*Provided data*:
• • •
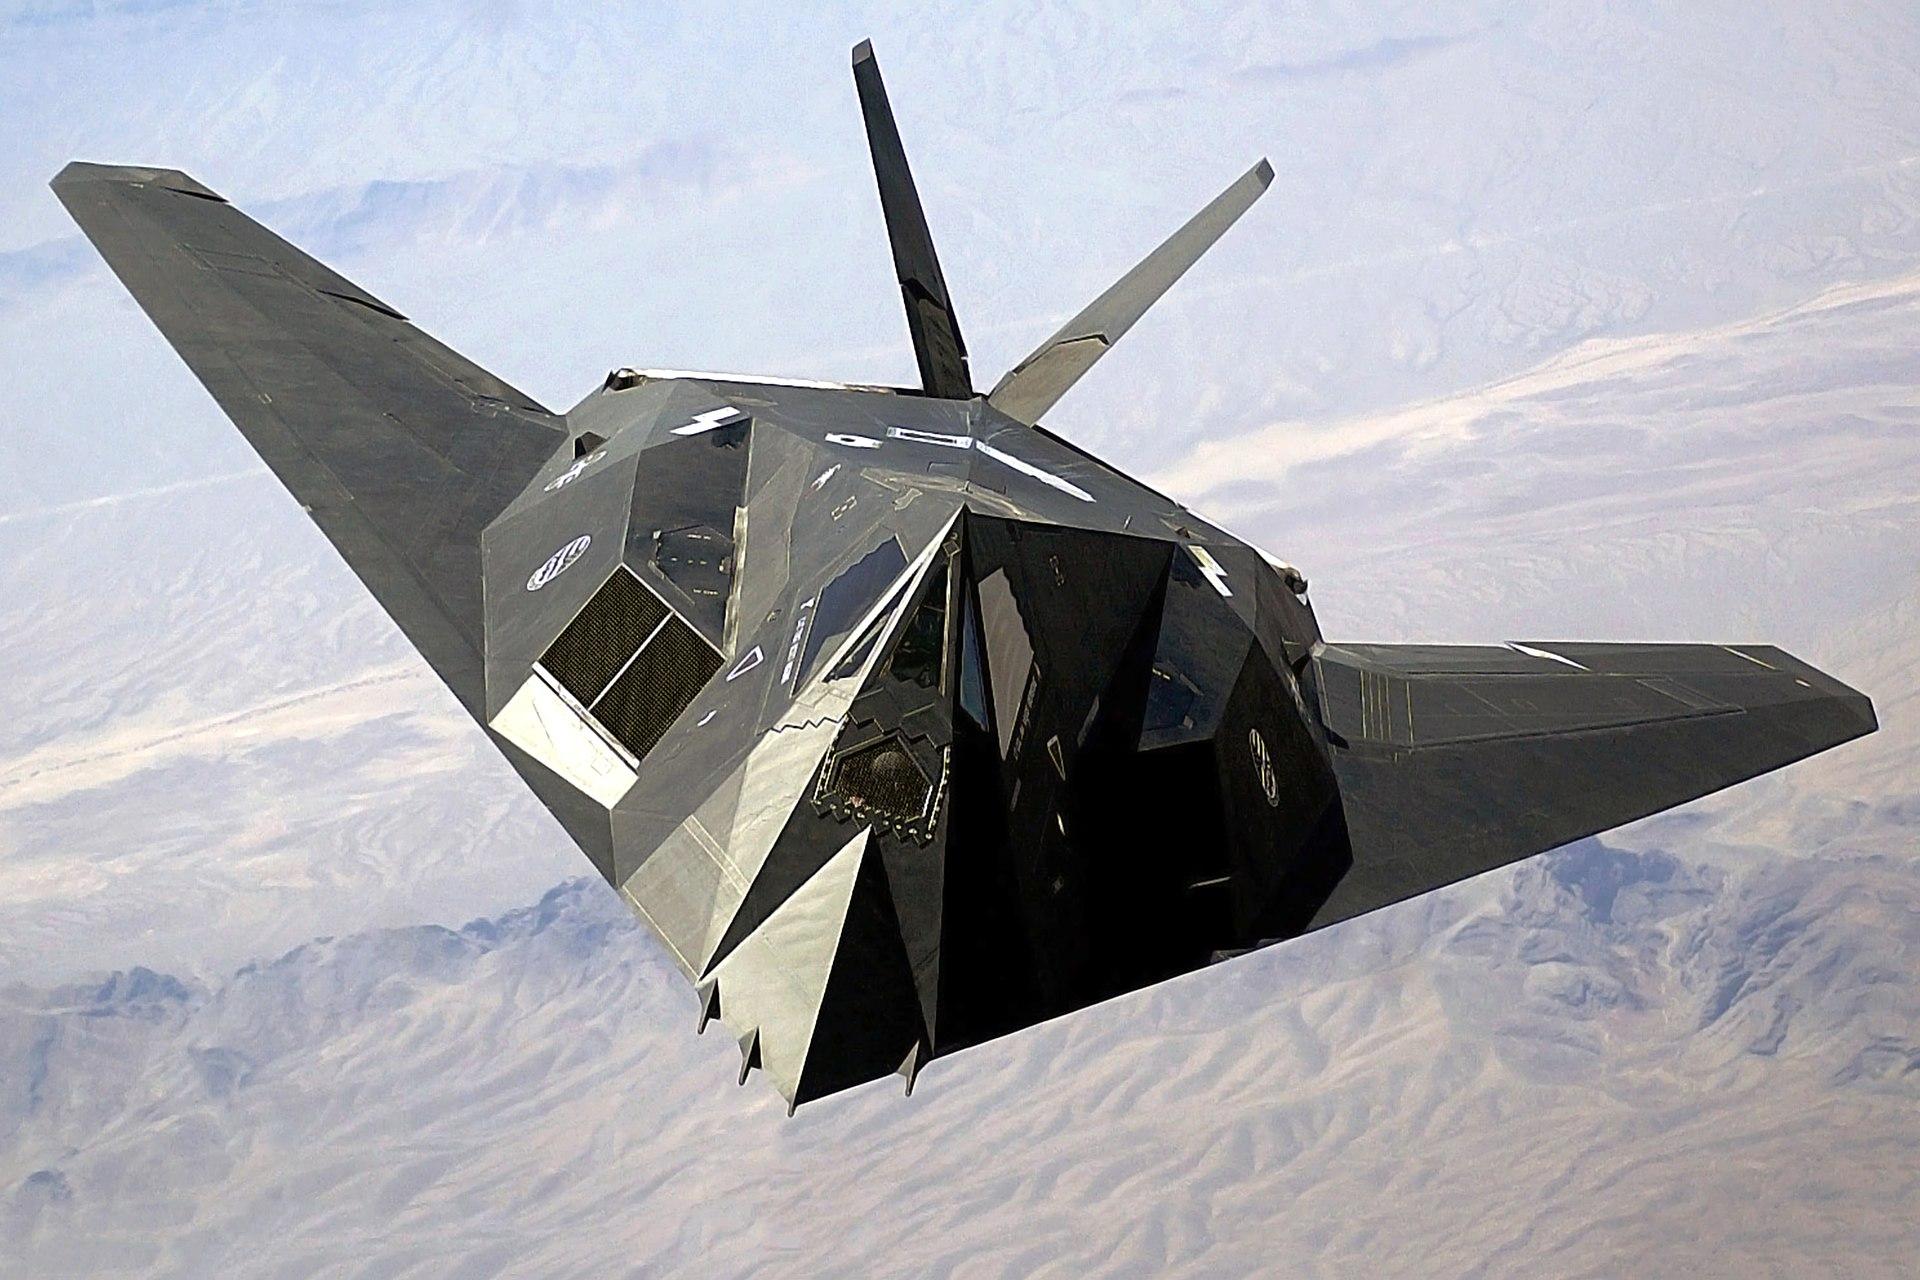 F-117A Nighthawk Stealth Fighter
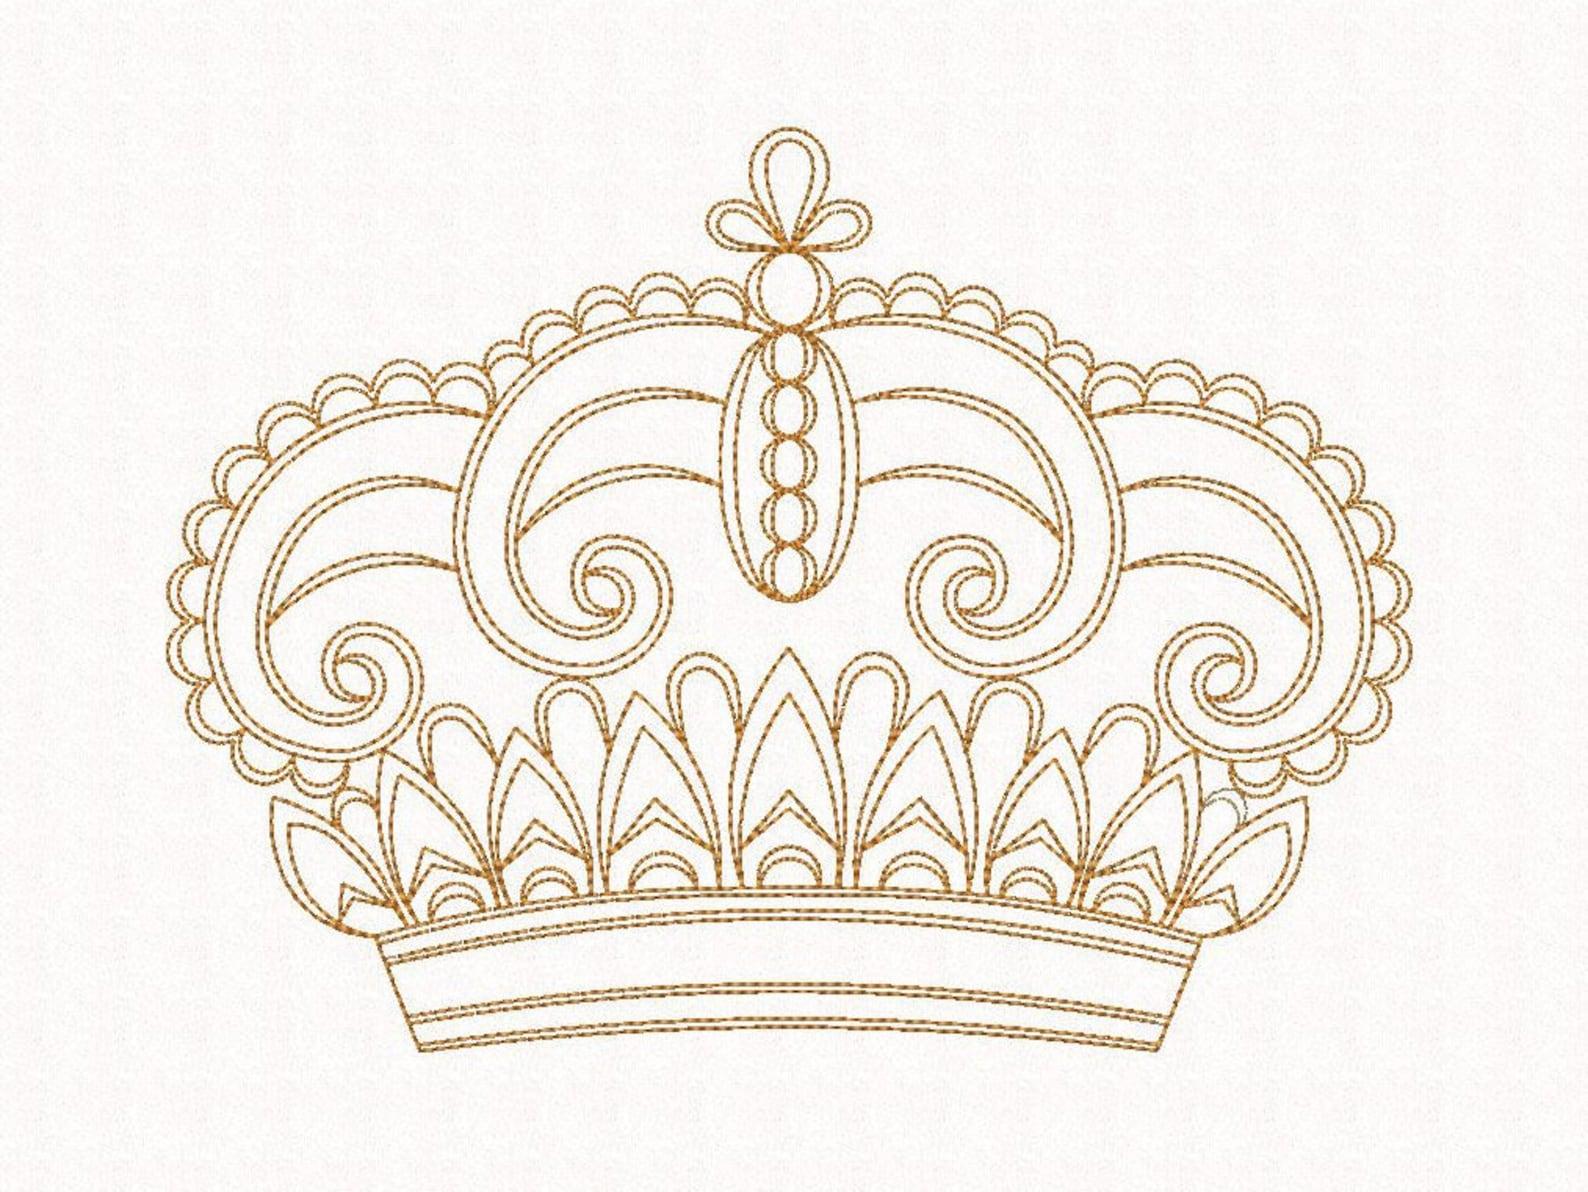 стал картинки вышивок короны них
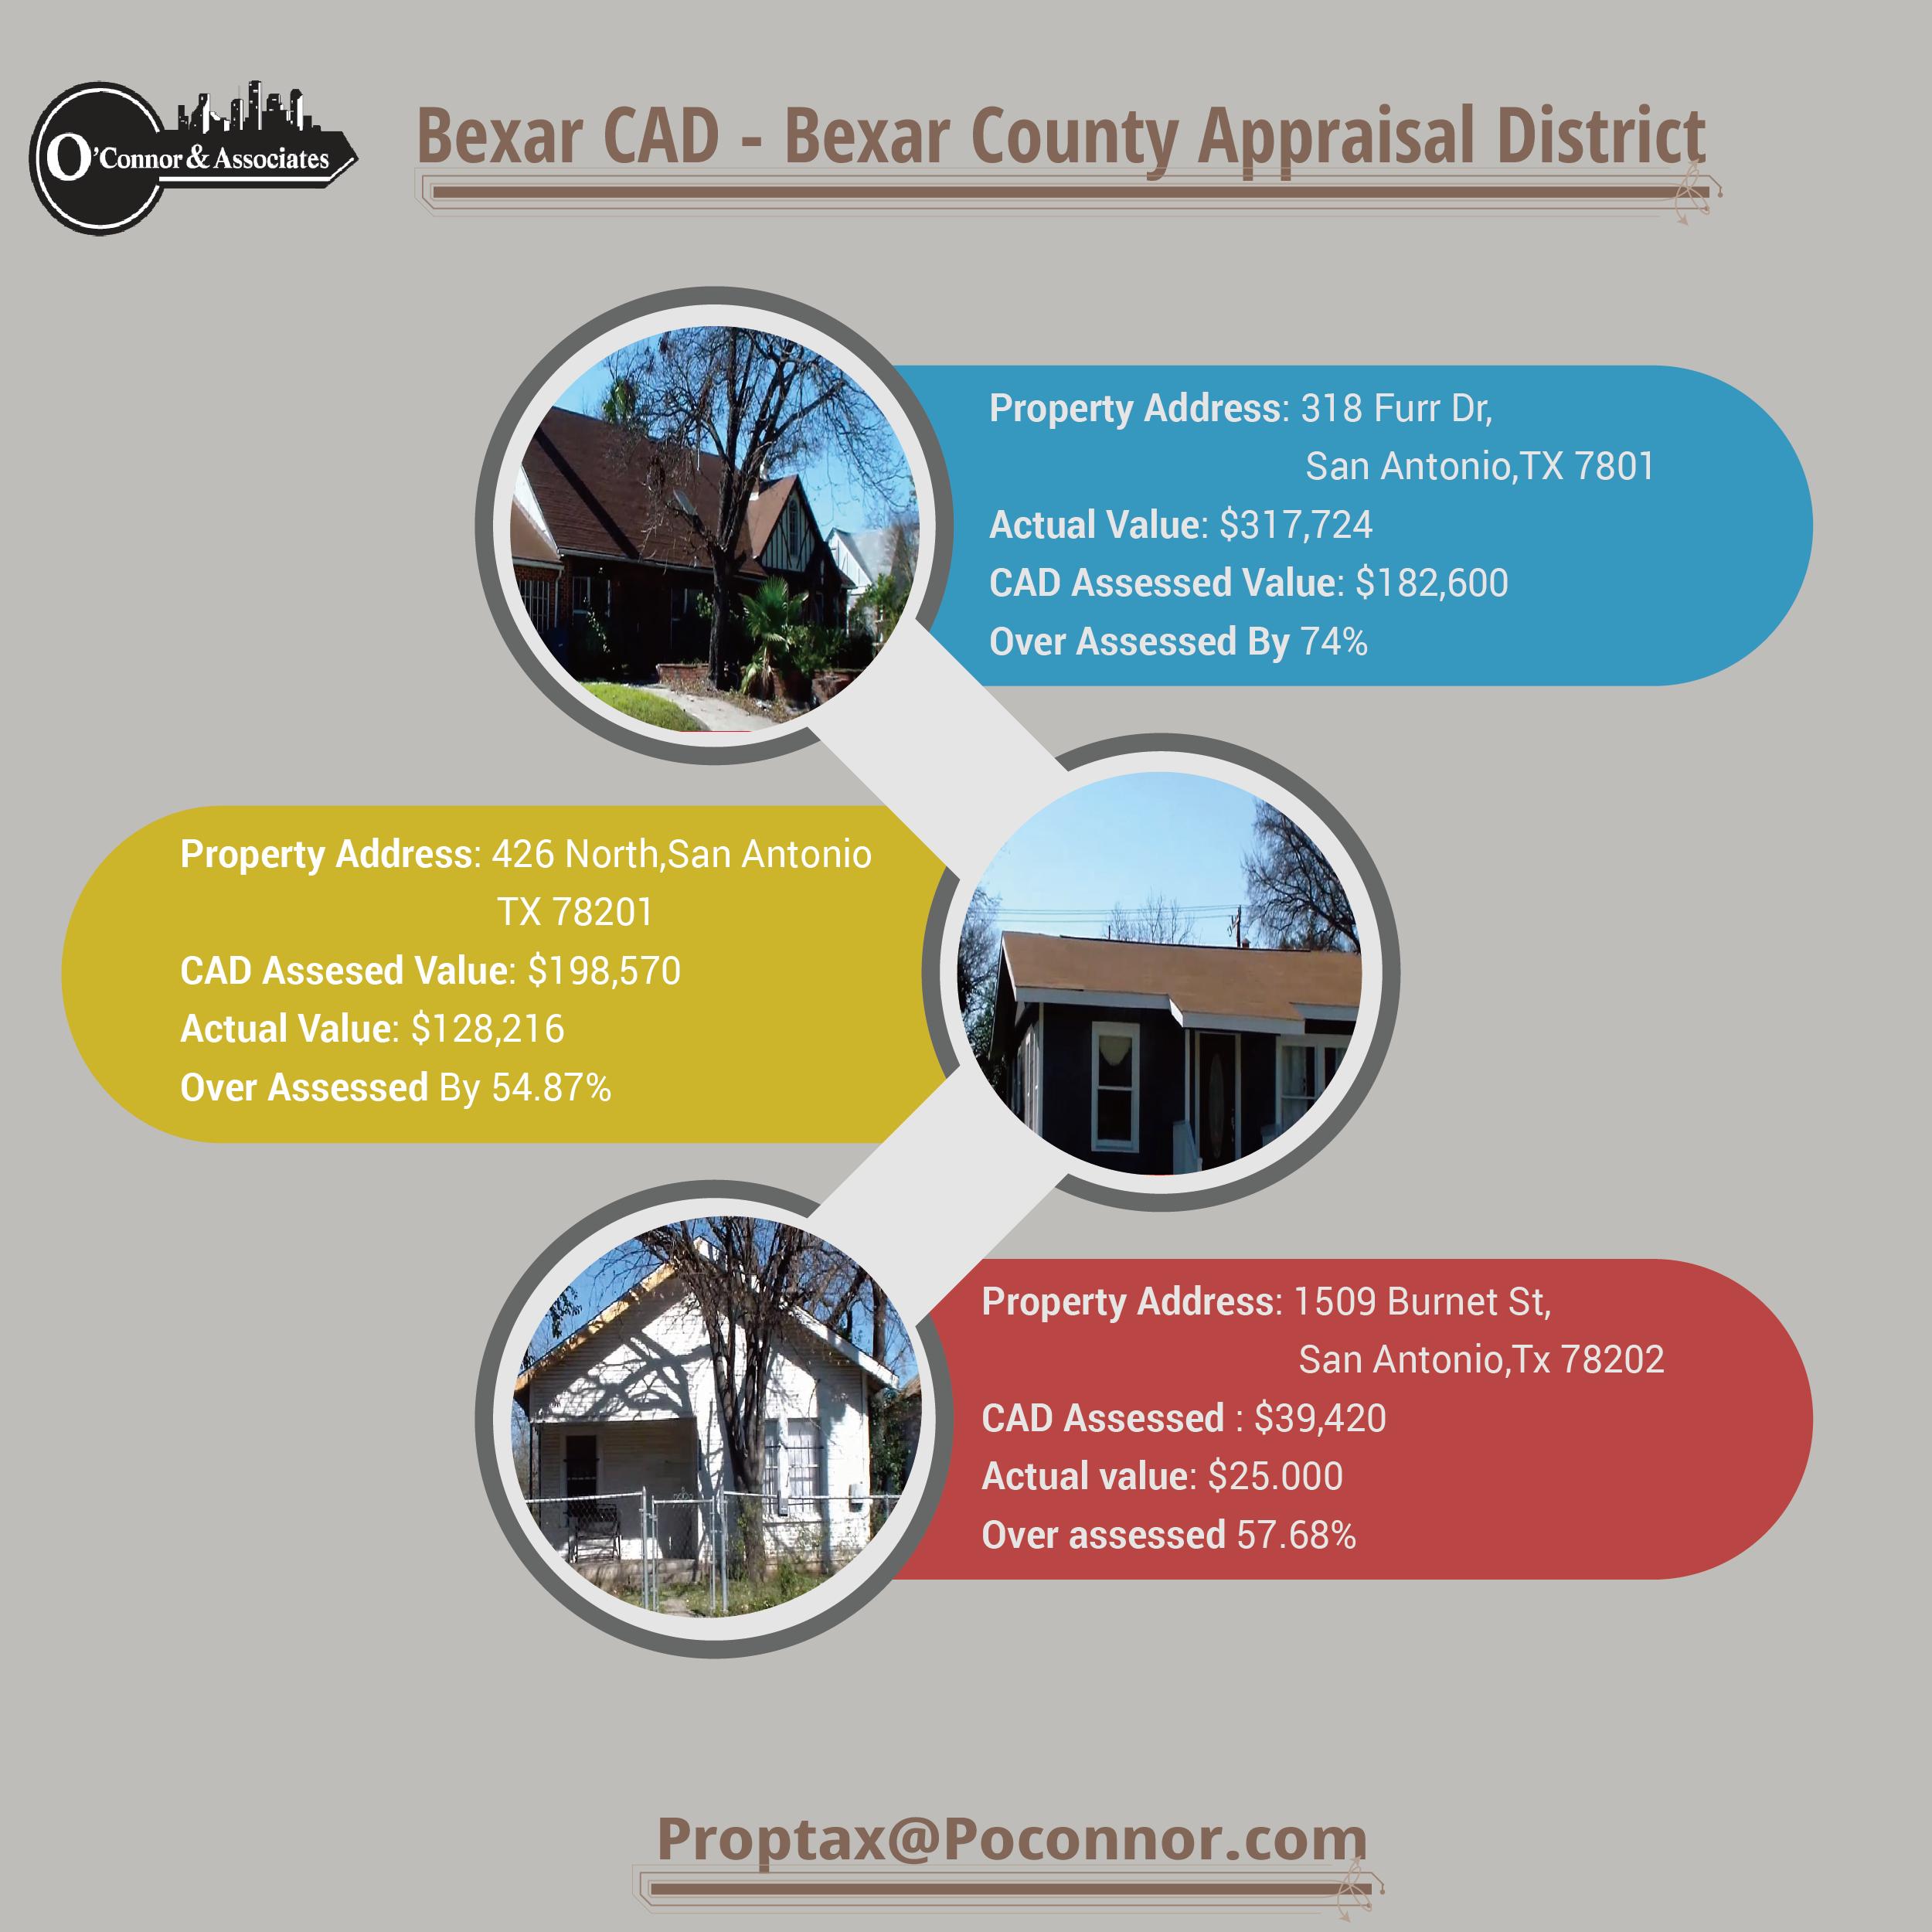 bexar county cad
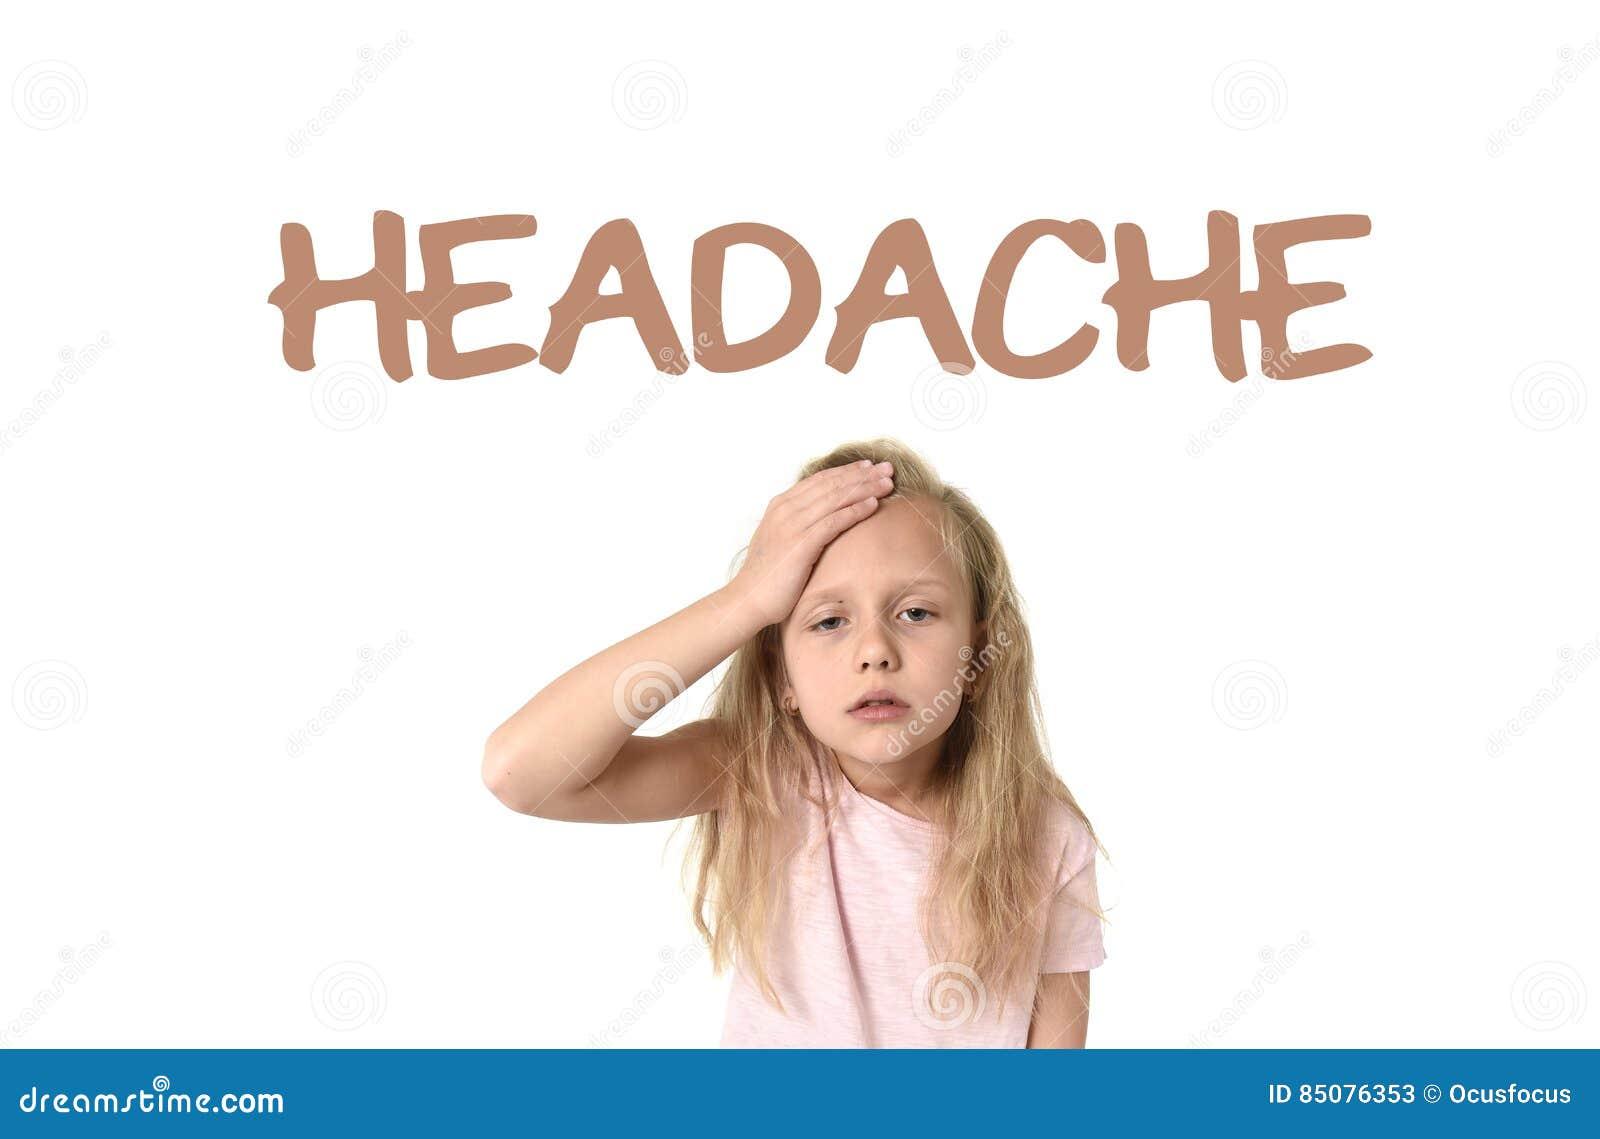 Aprendendo o vocabulário da língua inglesa eduque o cartão com a dor de cabeça da palavra
• • •
*Exercise directions*: The reply should repeat the listing above exactly and contain no pictures.

*Expected answer*:
 F-117A Nighthawk Stealth Fighter
 стал картинки вышивок короны них
 bexar county cad
 Aprendendo o vocabulário da língua inglesa eduque o cartão com a dor de cabeça da palavra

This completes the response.